In this article, we will look at some of the Python libraries for data science tasks other than the commonly used ones like **pandas, scikit-learn** , and **matplotlib**. Although libraries like **pandas and scikit-learn** are the ones that come to mind for machine learning tasks, it's always good to learn about other Python offerings in this field.

### Wget

Extracting data, especially from the web, is one of a data scientist's vital tasks. [Wget][1] is a free utility for non-interactive downloading files from the web. It supports HTTP, HTTPS, and FTP protocols, as well as retrieval through HTTP proxies. Since it is non-interactive, it can work in the background even if the user isn't logged in.

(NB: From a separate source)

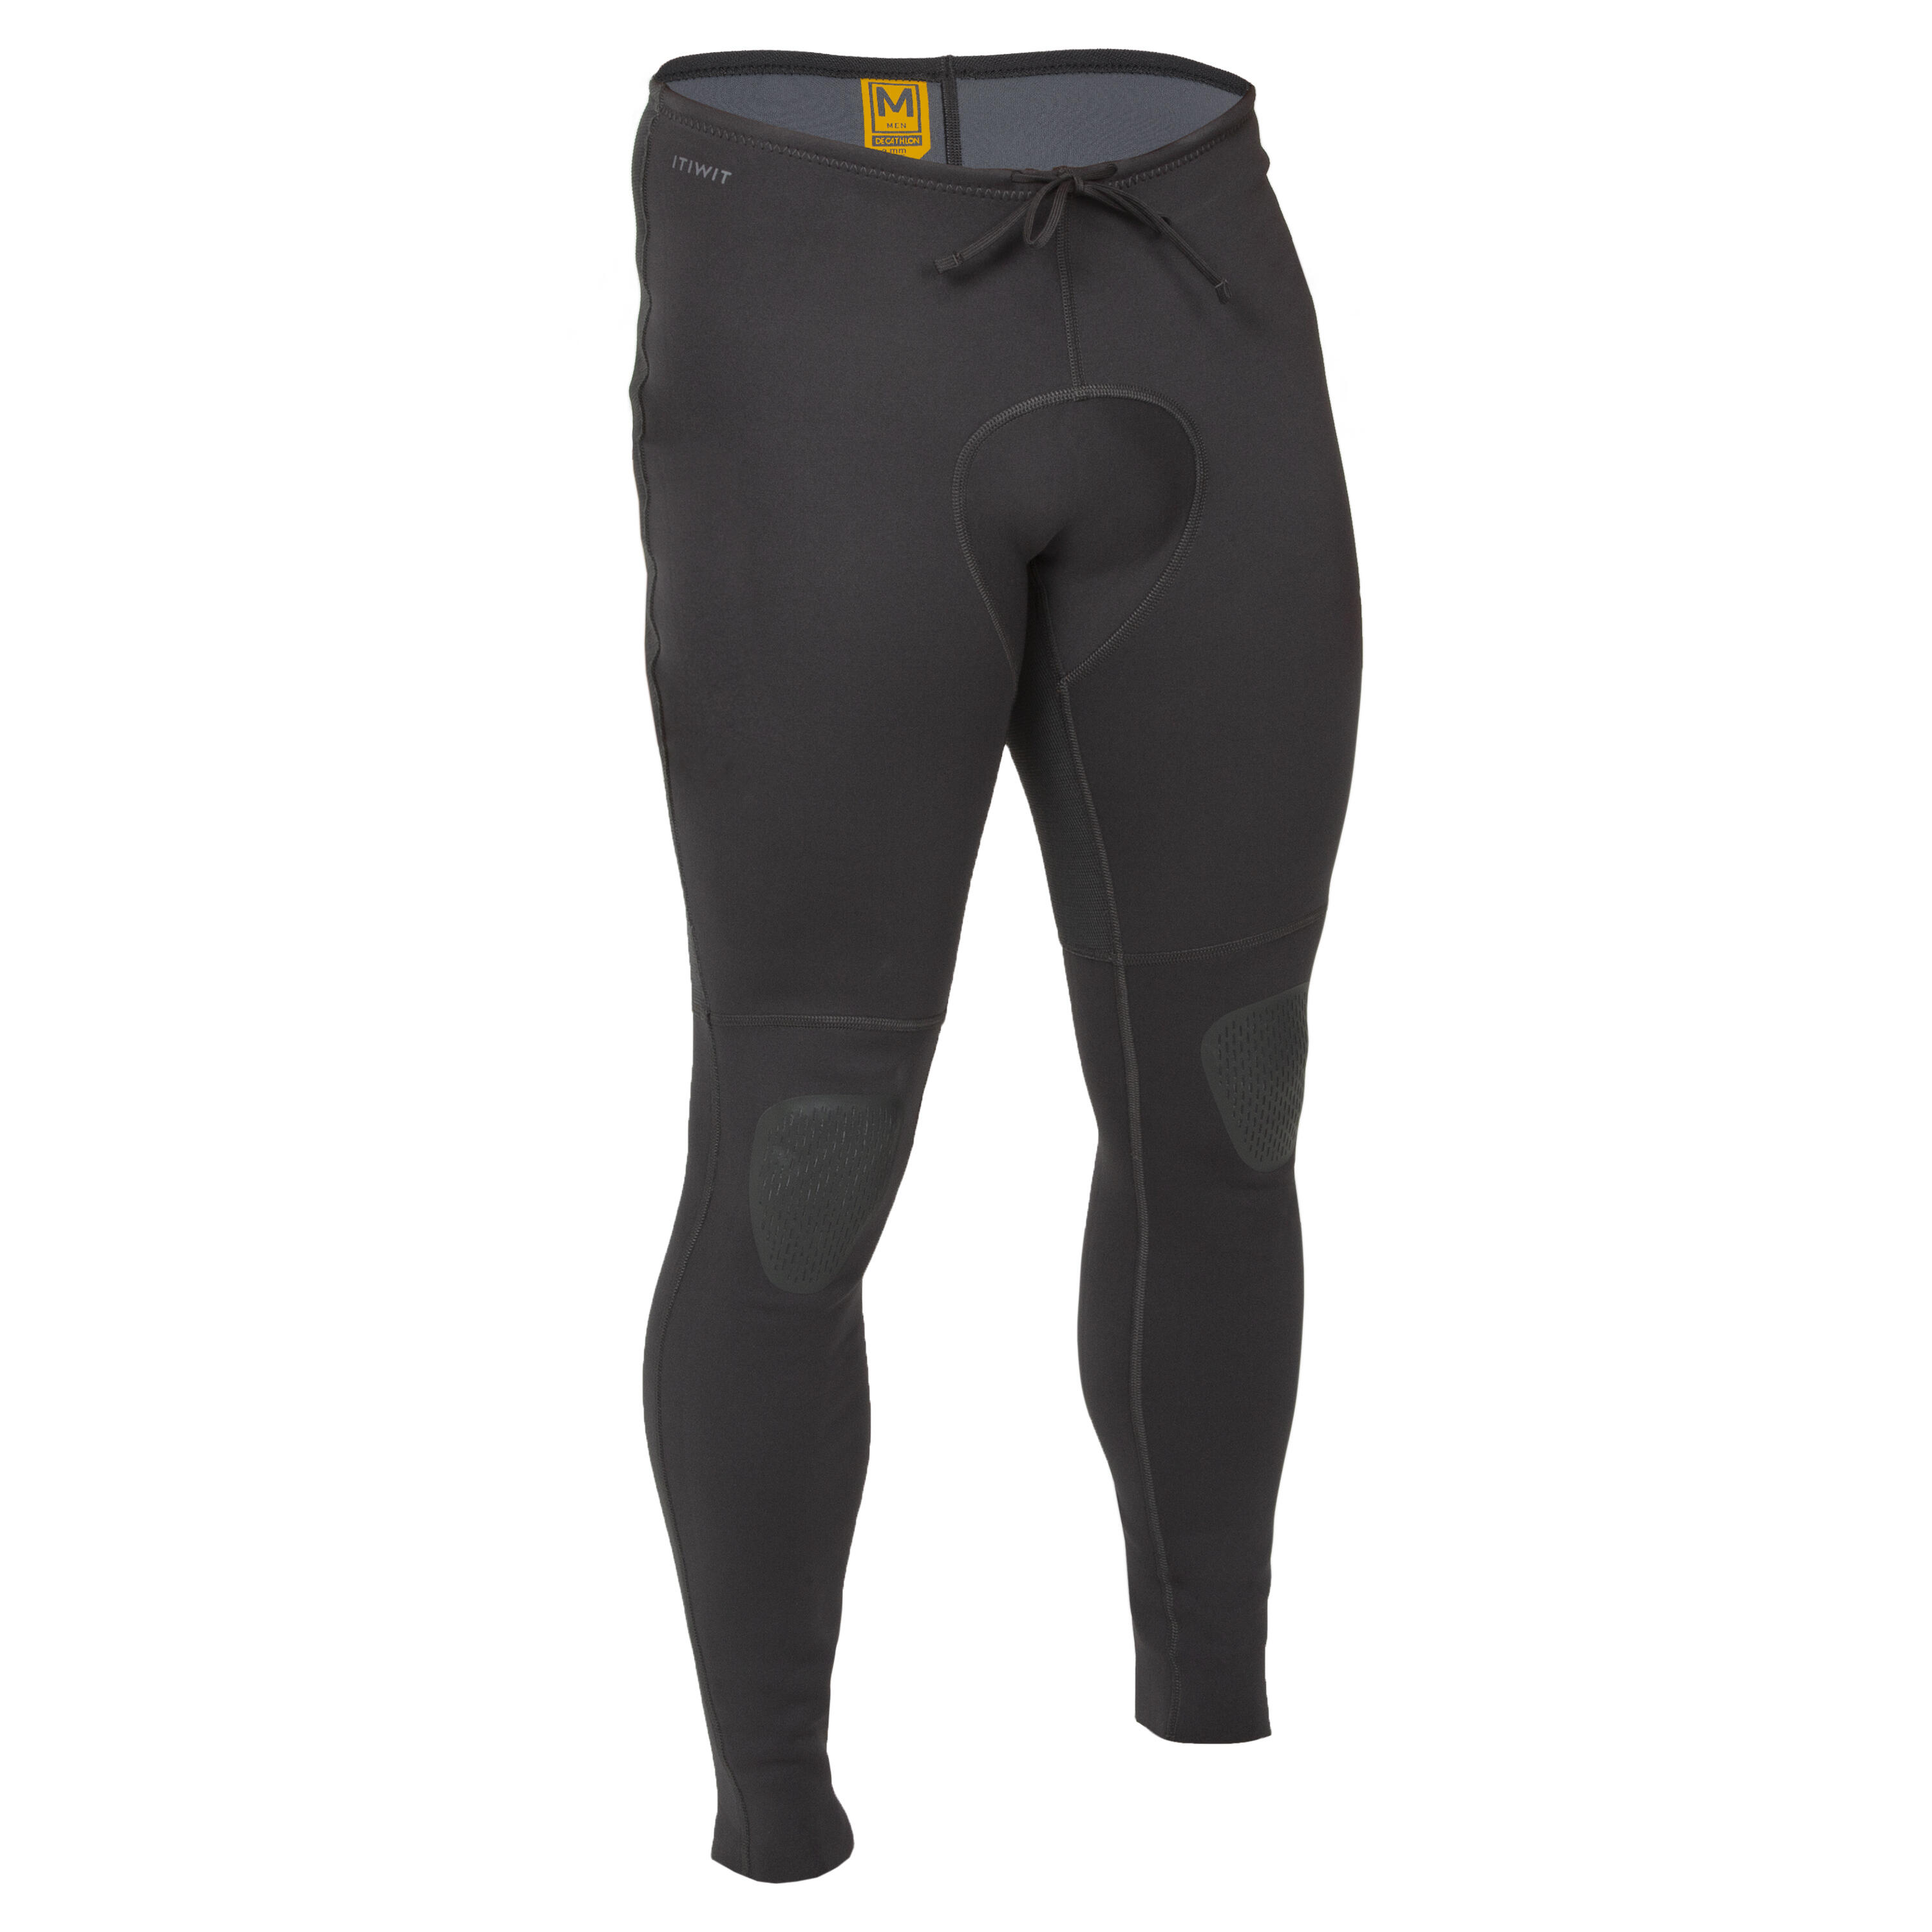 Trousers and Salopettes for Canoeing and Kayaking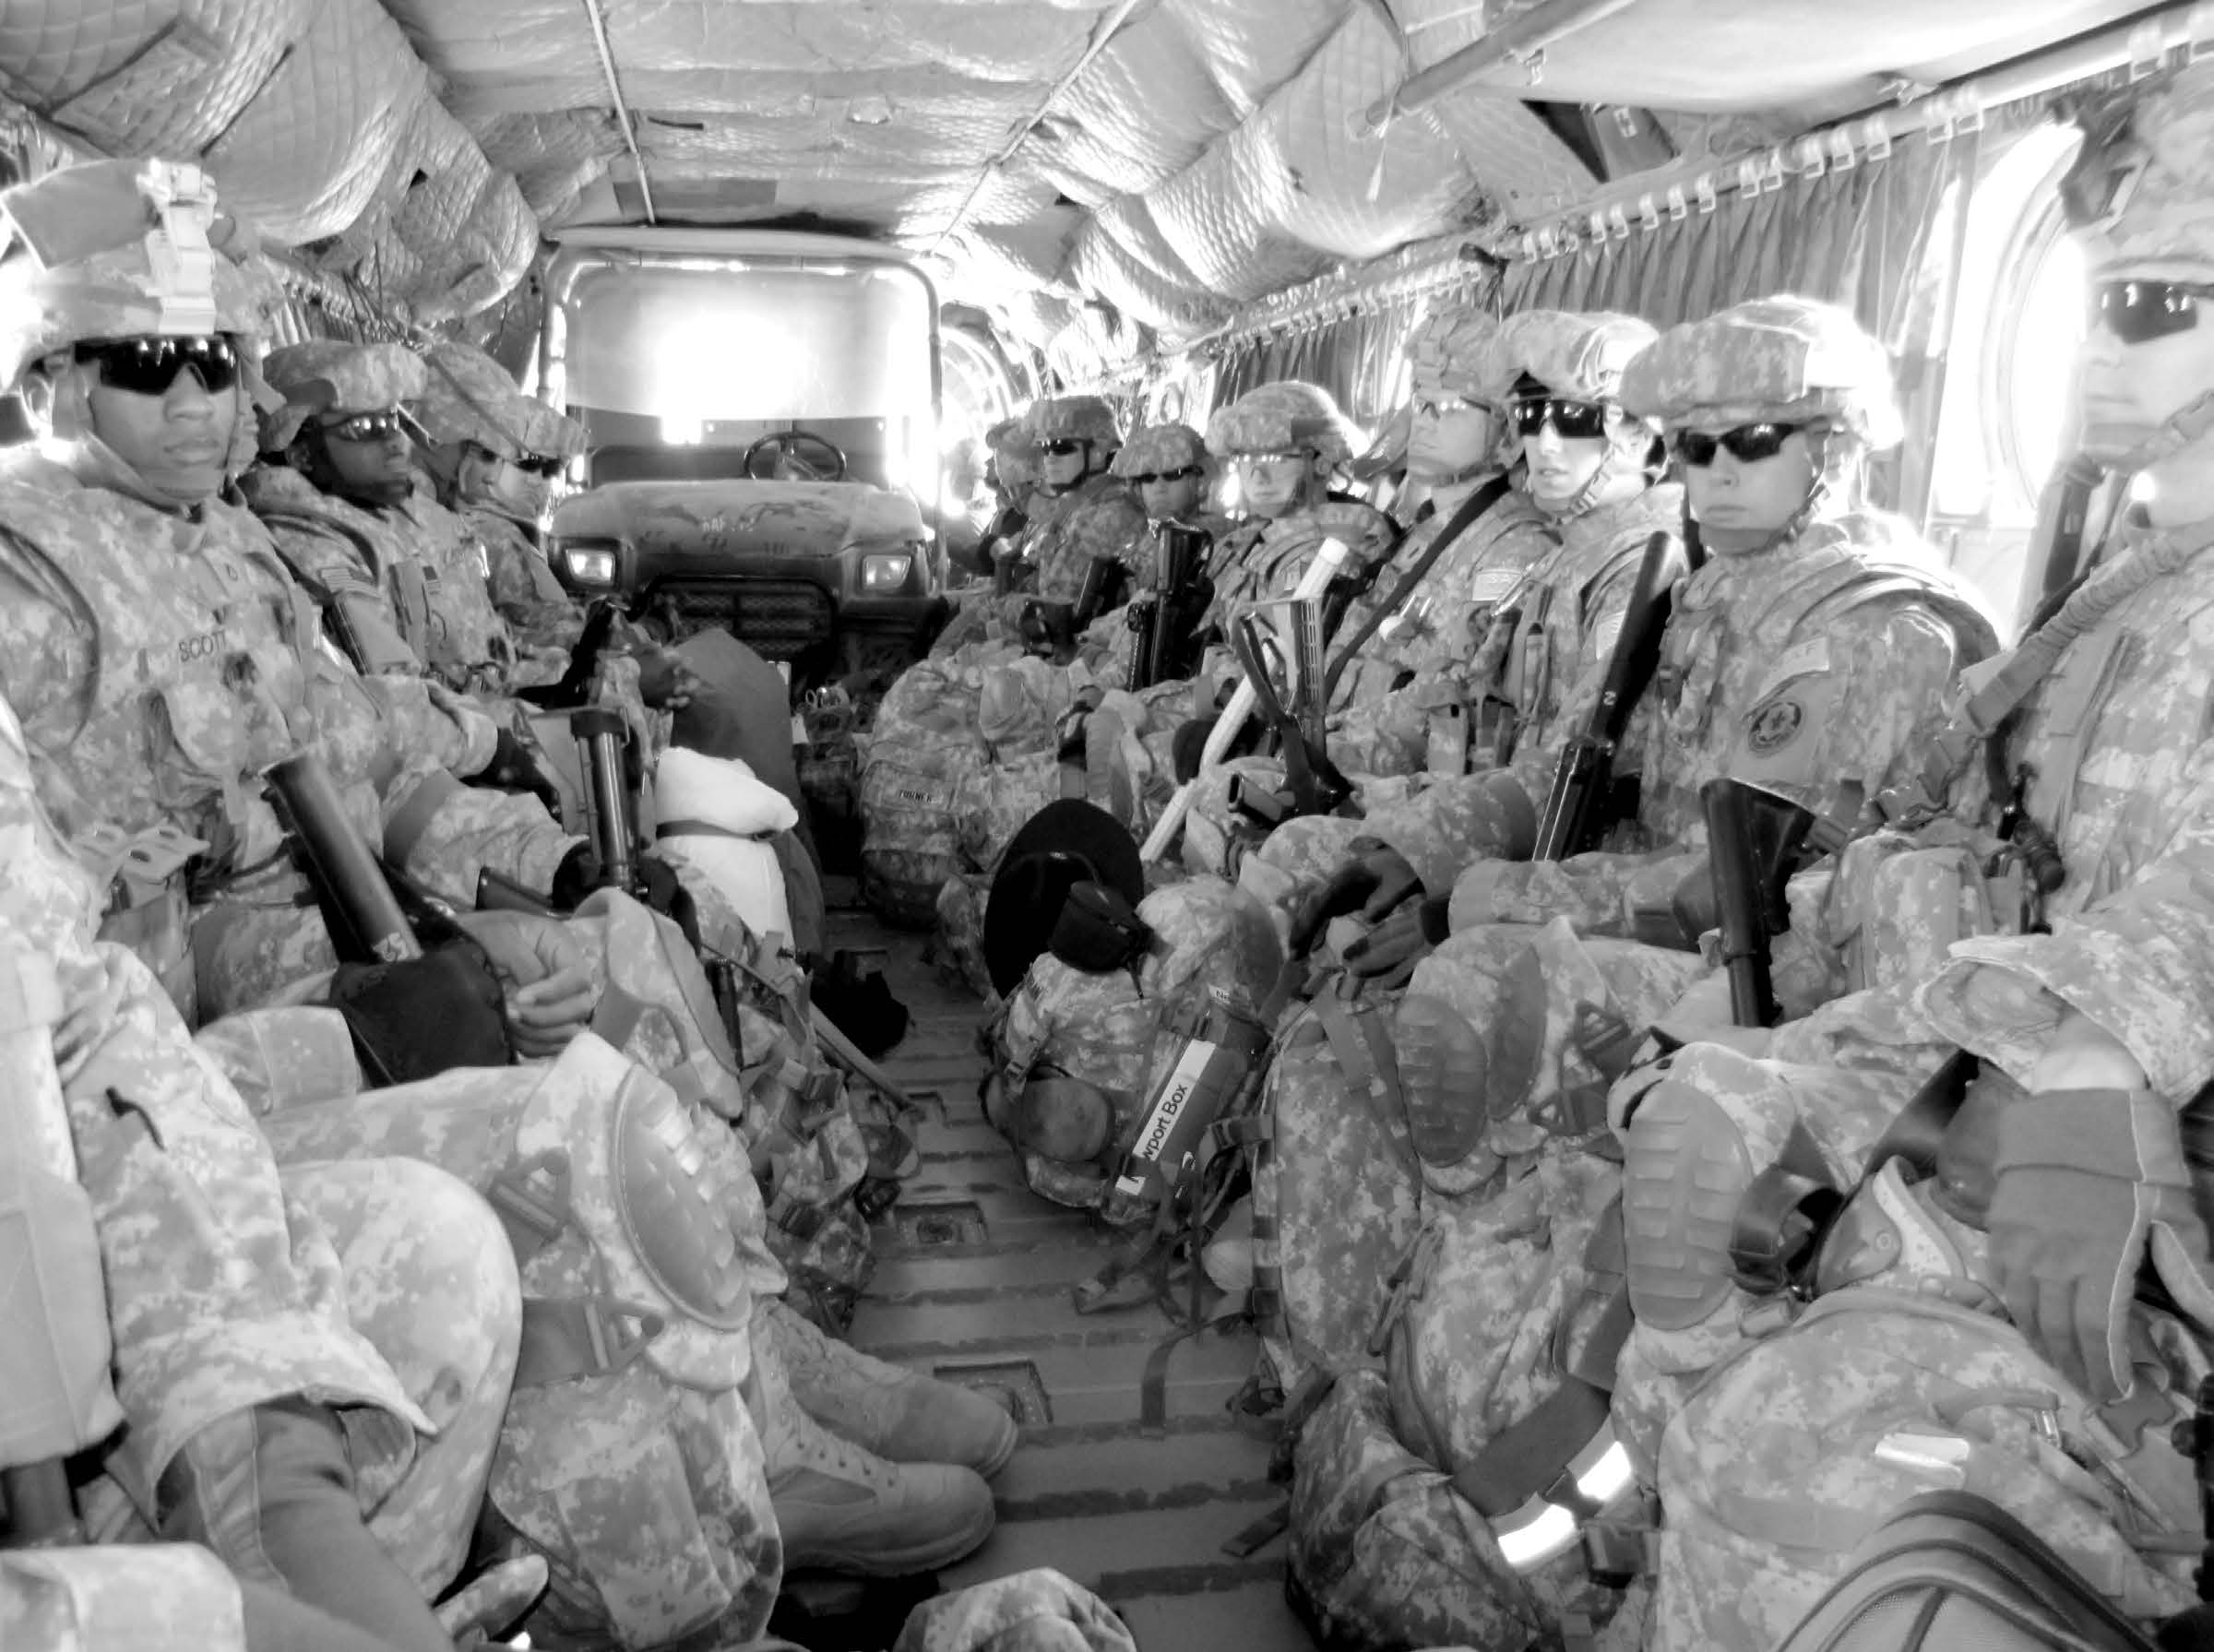 U.S. Army soldiers being transported in a CH-47 Chinook helicopter. Courtesy of J. Joseph DuWors.

So the next time you want to download a website or all the images from a page, **wget** will be there to assist.

#### Installation

```
$ pip install wget
```

#### Example

```
import wget
url = 'http://www.futurecrew.com/skaven/song_files/mp3/razorback.mp3'

filename = wget.download(url)
100% [................................................] 3841532 / 3841532

filename
'razorback.mp3'
```

### Pendulum

For people who get frustrated when working with date-times in Python, **[Pendulum][2]** is here. It is a Python package to ease **datetime** manipulations. It is a drop-in replacement for Python's native class. Refer to the [documentation][3] for in-depth information.

#### Installation

```
$ pip install pendulum
```

#### Example

```
import pendulum

dt_toronto = pendulum.datetime(2012, 1, 1, tz='America/Toronto')
dt_vancouver = pendulum.datetime(2012, 1, 1, tz='America/Vancouver')

print(dt_vancouver.diff(dt_toronto).in_hours())

3
```

### Imbalanced-learn

Most classification algorithms work best when the number of samples in each class is almost the same (i.e., balanced). But real-life cases are full of imbalanced datasets, which can have a bearing upon the learning phase and the subsequent prediction of machine learning algorithms. Fortunately, the **[imbalanced-learn][4]** library was created to address this issue. It is compatible with [**scikit-learn**][5] and is part of **[scikit-learn-contrib][6]** projects. Try it the next time you encounter imbalanced datasets.

#### Installation

```
pip install -U imbalanced-learn

# or

conda install -c conda-forge imbalanced-learn
```

#### Example

For usage and examples refer to the [documentation][7].

### FlashText

Cleaning text data during natural language processing (NLP) tasks often requires replacing keywords in or extracting keywords from sentences. Usually, such operations can be accomplished with regular expressions, but they can become cumbersome if the number of terms to be searched runs into the thousands.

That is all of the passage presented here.